# Can't decide to marry a girl? Feels like a bad person..?



## Yucakaca (Jun 12, 2009)

I've been dating this girl for about a year. So far we have our ups and downs and arguments, but we always get back together after disagreements. When we get along, we get along great. Recently she starts hinting for me to get real serious and tie a knot with her. I am more confused than ever. I am 35 she is 2 year older. I want a kid or two, so I cannot wait too long.

One problem is that I have my parents living in another country, and as they are growing old nobody takes care of them and I feel obliged to do it. This makes me have this feeling that I need to go back to the country where my parents stay and just live with them and take care of them. If this is what I do, then the relationship needs to end because her parents are here and she cannot leave her parents. 

So I really don't know what to do. On one hand, I can just marry this girl and live my life here in the states, on the other hand I can go back the where my parents live. It is just difficult to imagine that if I end up living here that I will not be able to be with my parents anymore. My parents live so far away it is not easy to travel there. But if I go back there. I don't know if I will like it there, or find a girl as nice as my current girlfriend, plus the fact that I am getting older everyday bothers me a bit.

Another thing too, after dating her for some time, it just feels that I will be a bad person if I break up with her. This problem is not her fault, and the relationship has gone this far partly also because of my inability to make decision. I cant imagine her disappointment if I decide to leave her.

So now I am still dating her but my mind is full of doubtful thought.
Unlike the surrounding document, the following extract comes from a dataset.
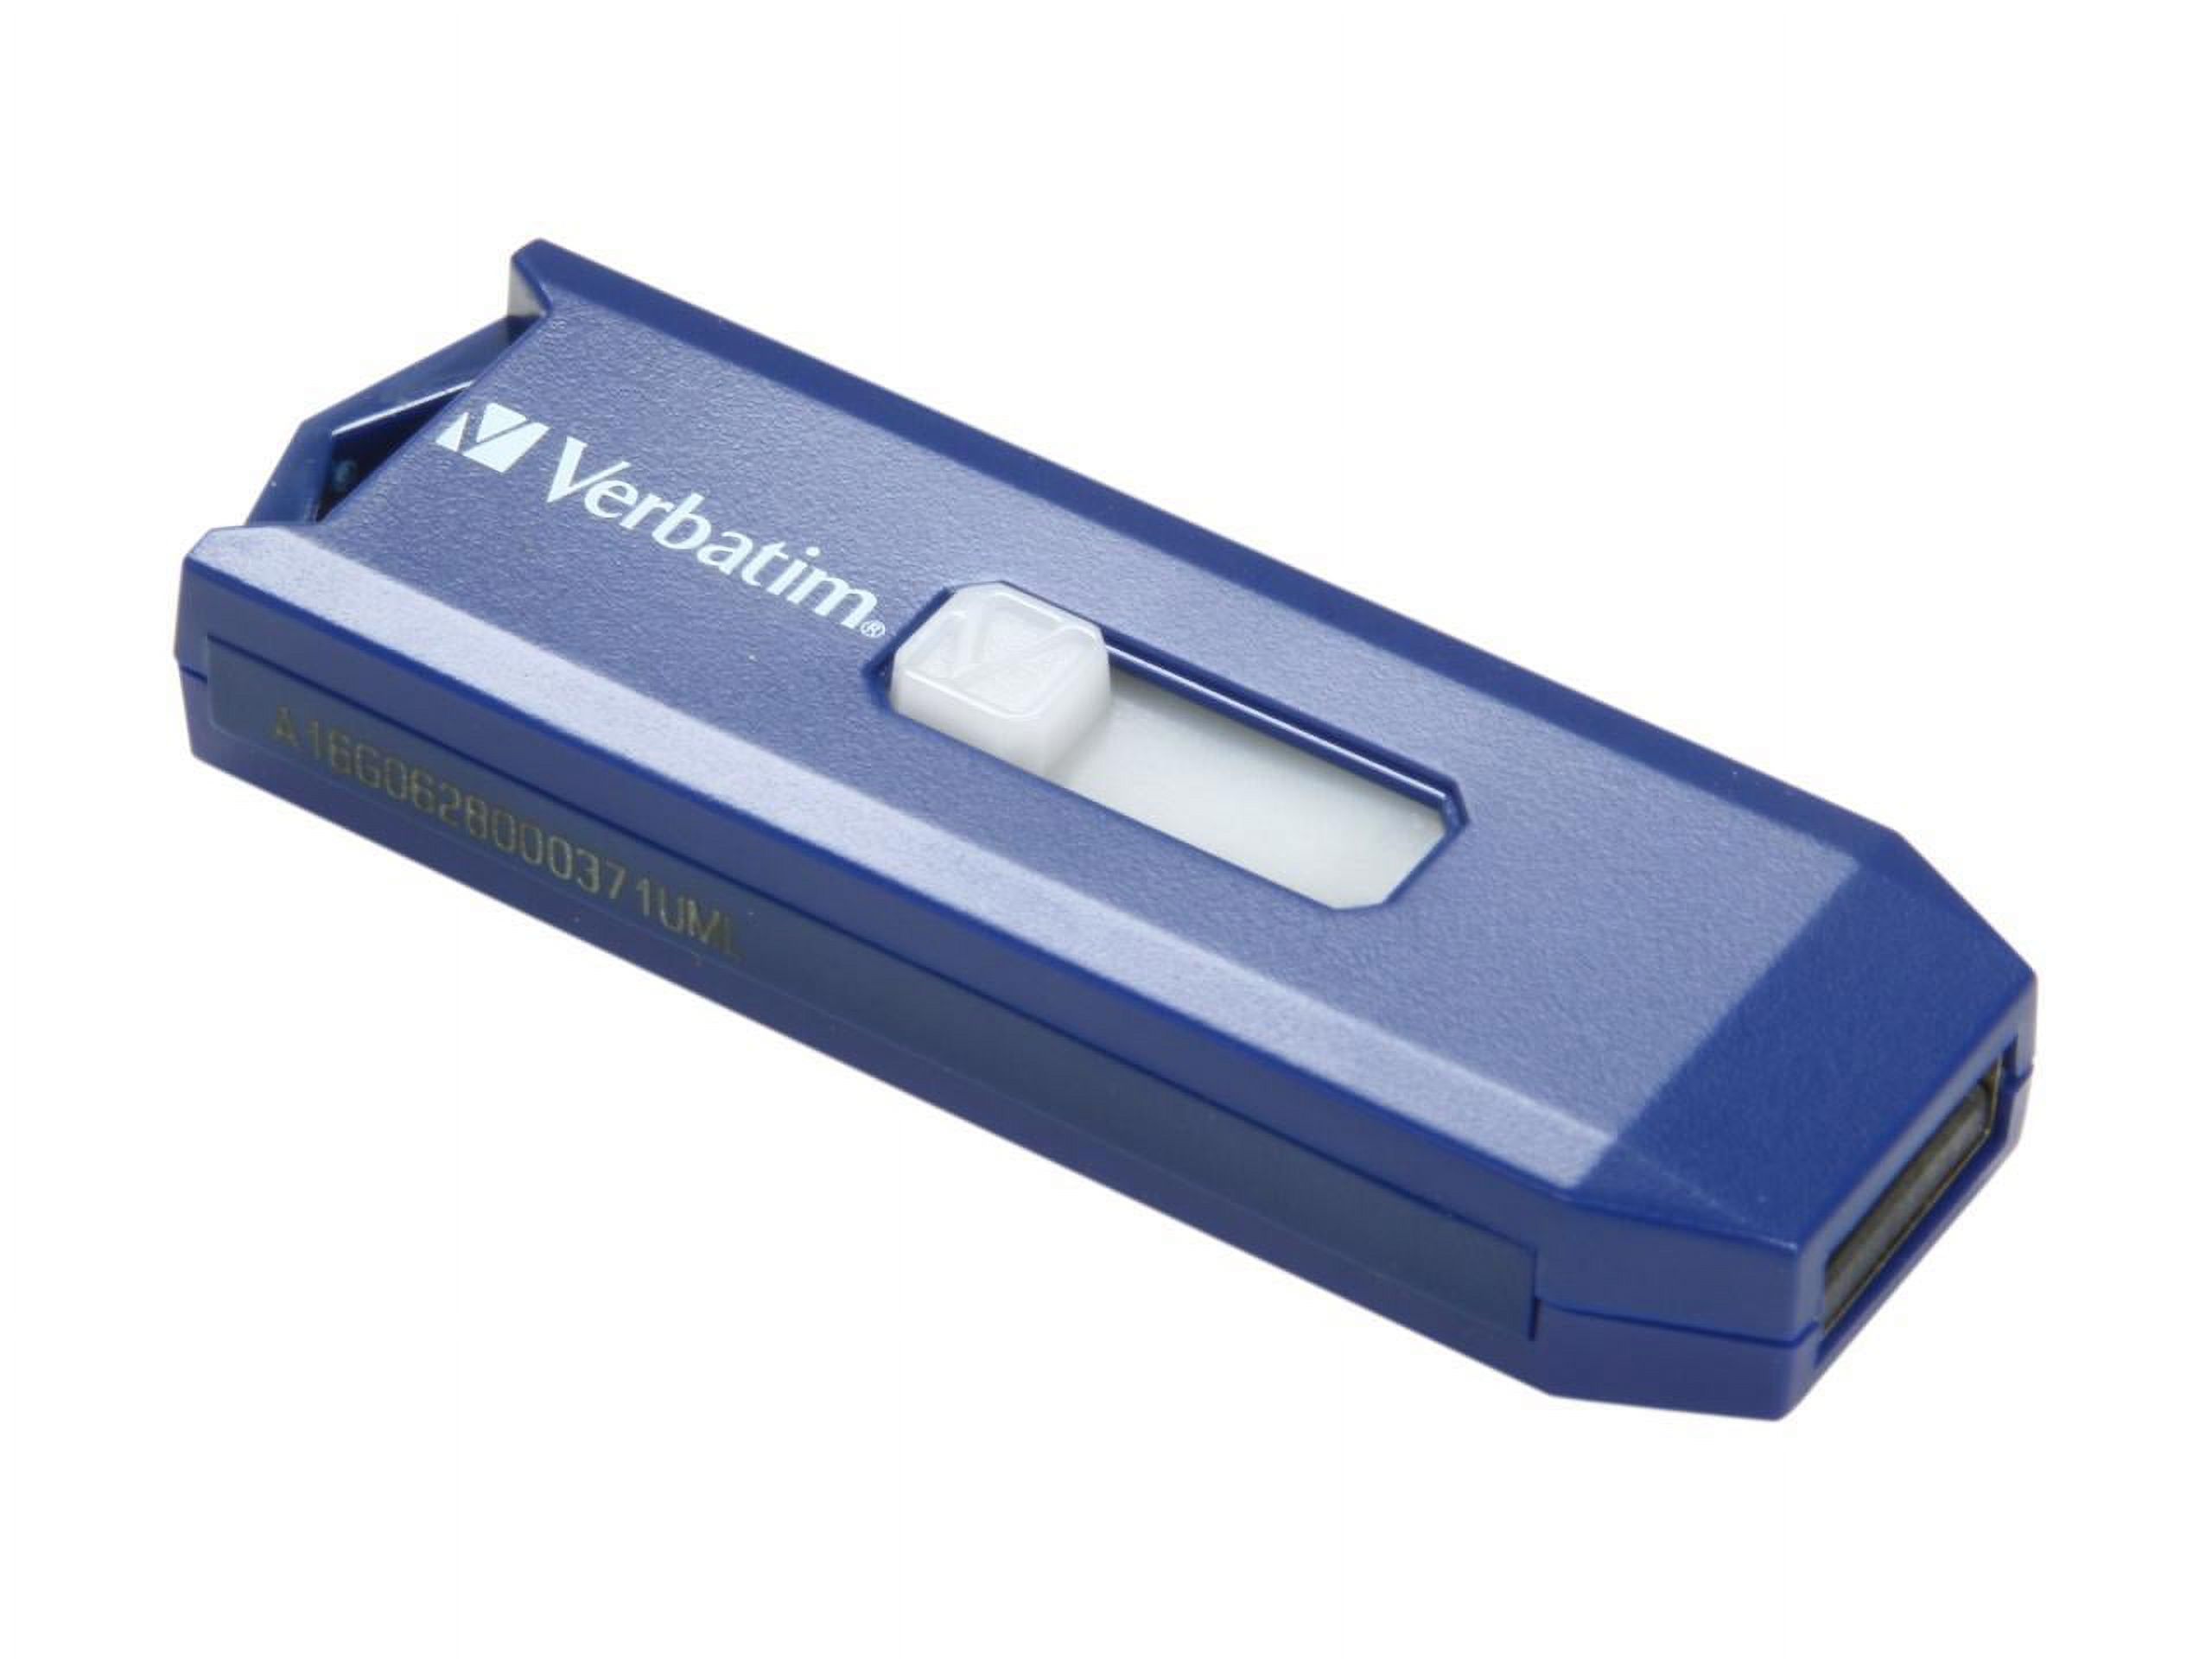 Verbatim Smart 16GB USB 2.0 Flash Drive Model 97275 - image 1 of 6
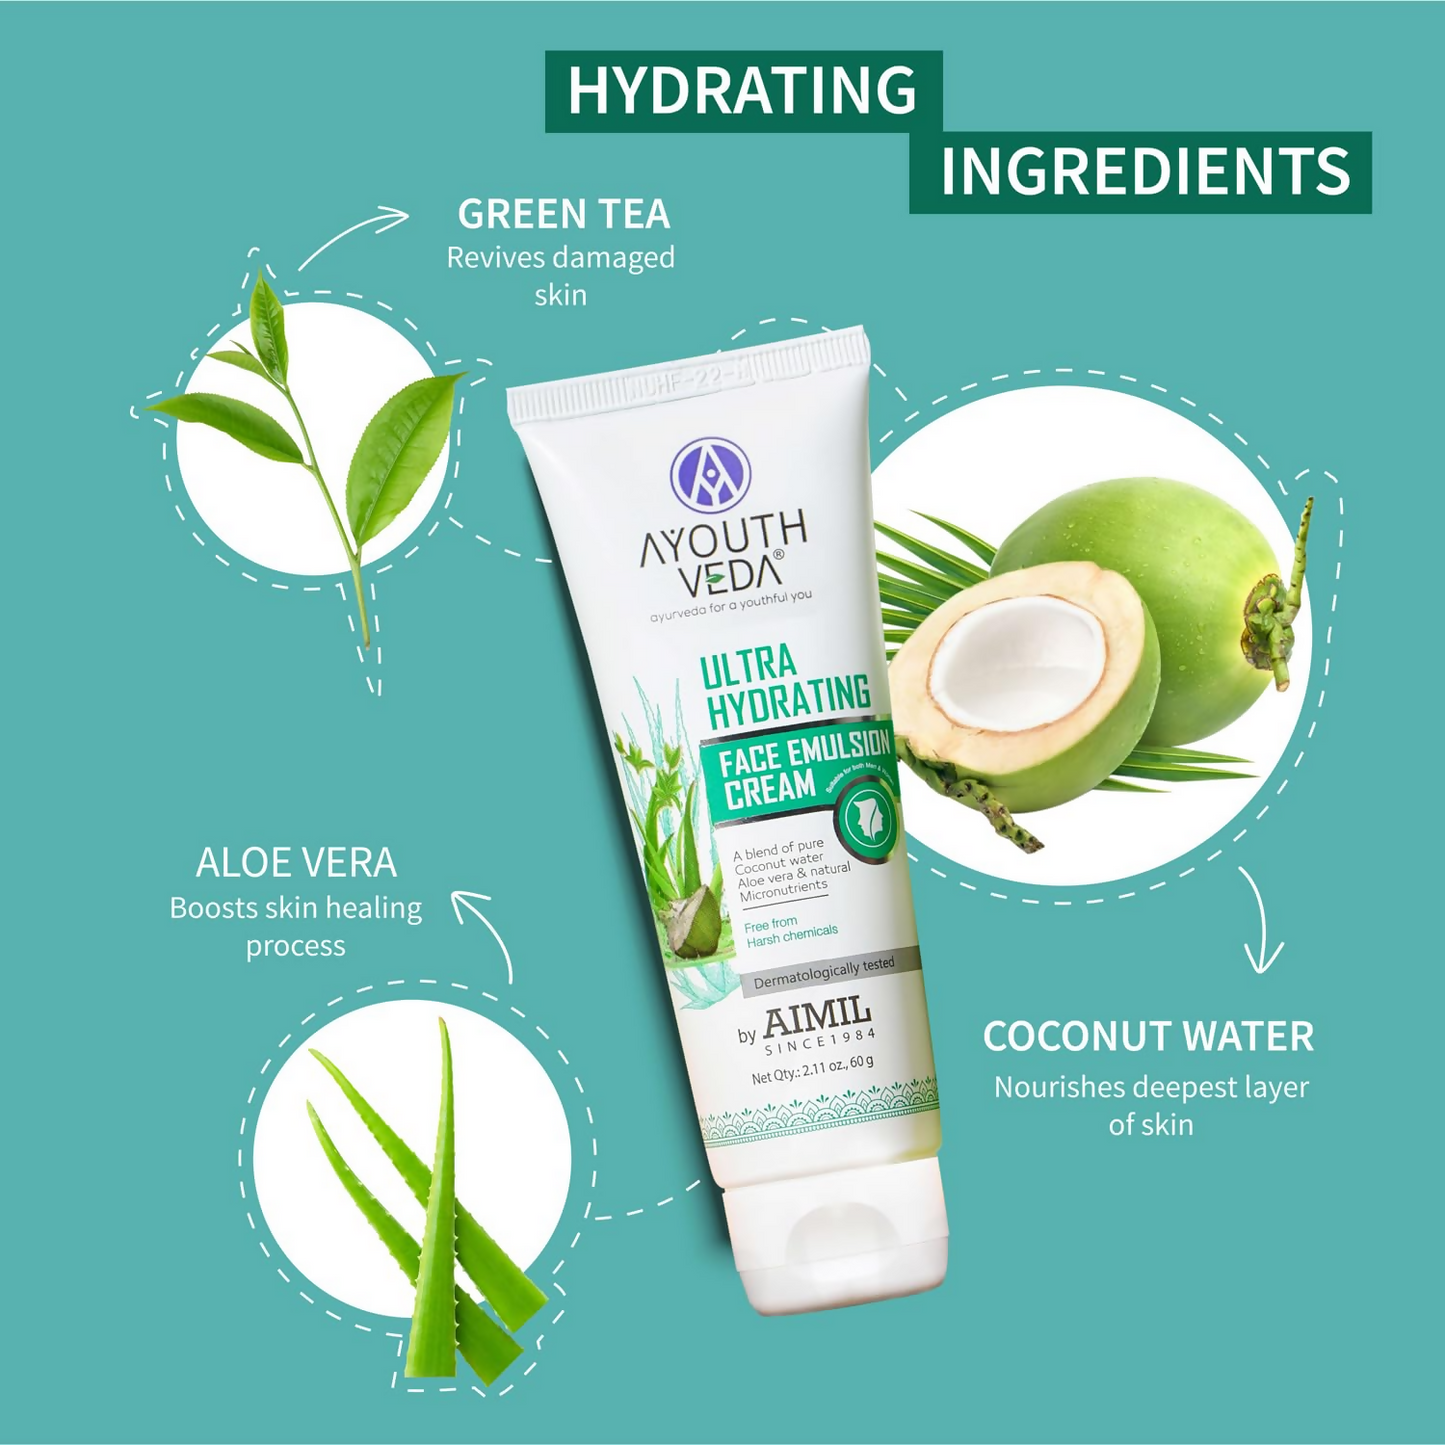 Ayouthveda Ultra Hydrating Face Emulsion Cream

I told her my problem already, but again, only me can decide.


----------



## sisters359 (Apr 9, 2009)

Please do not get married b/c you would feel too guilty to say goodbye--that is a very poor reason to commit to someone. You will not be a bad person for being honest, even if it is very painful to her. It does not sound like you love this person deeply and passionately--and if you are going to marry someone, you should love them that way. If you have other responsibilities that weigh on your mind, tend to those. It must be tough to want a wife and kids but have the responsibility of your parents at your age. Good luck!


----------



## justean (May 28, 2008)

yeh i agree with both the above. if you have regrets now, you certainly wil later. take your time.


----------